Records for this task: Begin

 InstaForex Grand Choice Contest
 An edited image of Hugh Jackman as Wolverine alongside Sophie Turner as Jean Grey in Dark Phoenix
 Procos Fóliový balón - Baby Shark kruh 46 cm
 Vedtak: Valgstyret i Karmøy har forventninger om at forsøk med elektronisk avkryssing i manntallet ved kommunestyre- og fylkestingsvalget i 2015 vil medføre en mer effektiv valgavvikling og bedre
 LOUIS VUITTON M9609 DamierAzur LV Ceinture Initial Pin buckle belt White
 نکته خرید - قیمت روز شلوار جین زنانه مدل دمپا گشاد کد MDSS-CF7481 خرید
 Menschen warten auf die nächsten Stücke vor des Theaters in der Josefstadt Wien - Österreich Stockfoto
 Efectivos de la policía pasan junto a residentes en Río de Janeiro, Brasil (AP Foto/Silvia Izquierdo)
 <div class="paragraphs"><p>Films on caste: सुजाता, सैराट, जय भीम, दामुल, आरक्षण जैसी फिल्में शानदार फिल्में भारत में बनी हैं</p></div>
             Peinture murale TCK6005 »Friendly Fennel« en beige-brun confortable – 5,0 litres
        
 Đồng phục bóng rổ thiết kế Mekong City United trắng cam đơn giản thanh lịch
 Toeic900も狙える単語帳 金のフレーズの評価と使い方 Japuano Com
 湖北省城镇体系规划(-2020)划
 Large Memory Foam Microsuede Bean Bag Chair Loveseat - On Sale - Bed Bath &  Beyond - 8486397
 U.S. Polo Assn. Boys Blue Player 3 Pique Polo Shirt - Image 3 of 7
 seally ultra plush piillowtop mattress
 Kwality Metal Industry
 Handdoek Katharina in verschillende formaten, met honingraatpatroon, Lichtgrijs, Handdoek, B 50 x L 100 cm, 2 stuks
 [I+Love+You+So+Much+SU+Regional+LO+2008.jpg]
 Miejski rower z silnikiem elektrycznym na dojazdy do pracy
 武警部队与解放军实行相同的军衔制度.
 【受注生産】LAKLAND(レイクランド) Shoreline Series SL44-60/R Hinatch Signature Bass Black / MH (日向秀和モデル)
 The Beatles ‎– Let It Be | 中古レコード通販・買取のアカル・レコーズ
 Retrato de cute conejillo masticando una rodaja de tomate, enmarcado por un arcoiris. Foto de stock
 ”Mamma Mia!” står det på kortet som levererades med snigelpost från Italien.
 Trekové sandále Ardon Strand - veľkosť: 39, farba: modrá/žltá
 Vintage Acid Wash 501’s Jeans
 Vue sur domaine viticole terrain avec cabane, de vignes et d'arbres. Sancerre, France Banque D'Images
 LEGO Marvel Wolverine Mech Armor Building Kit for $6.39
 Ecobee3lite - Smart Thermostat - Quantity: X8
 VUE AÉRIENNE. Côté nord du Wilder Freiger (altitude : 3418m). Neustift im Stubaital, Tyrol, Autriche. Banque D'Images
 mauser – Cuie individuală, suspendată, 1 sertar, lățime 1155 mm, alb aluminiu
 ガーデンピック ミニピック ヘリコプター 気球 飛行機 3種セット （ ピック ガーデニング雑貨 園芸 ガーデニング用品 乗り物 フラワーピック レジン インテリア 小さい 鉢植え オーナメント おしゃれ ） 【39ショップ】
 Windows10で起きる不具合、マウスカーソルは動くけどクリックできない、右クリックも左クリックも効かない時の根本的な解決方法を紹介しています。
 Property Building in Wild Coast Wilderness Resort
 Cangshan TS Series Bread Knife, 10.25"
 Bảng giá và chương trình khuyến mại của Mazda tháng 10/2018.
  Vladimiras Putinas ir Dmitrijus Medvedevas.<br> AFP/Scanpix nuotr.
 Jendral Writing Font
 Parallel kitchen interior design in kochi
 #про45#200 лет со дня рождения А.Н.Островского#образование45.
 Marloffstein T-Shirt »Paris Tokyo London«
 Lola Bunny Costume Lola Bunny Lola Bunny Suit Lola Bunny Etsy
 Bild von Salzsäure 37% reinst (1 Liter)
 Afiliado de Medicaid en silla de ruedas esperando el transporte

Records for this task: End

> **Required action**: From the line that contains "Bảng giá và" to the last line of the material above, repeat every line exactly, keeping both the first and the last.

> **Solved exercise**:
 Bảng giá và chương trình khuyến mại của Mazda tháng 10/2018.
  Vladimiras Putinas ir Dmitrijus Medvedevas.<br> AFP/Scanpix nuotr.
 Jendral Writing Font
 Parallel kitchen interior design in kochi
 #про45#200 лет со дня рождения А.Н.Островского#образование45.
 Marloffstein T-Shirt »Paris Tokyo London«
 Lola Bunny Costume Lola Bunny Lola Bunny Suit Lola Bunny Etsy
 Bild von Salzsäure 37% reinst (1 Liter)
 Afiliado de Medicaid en silla de ruedas esperando el transporte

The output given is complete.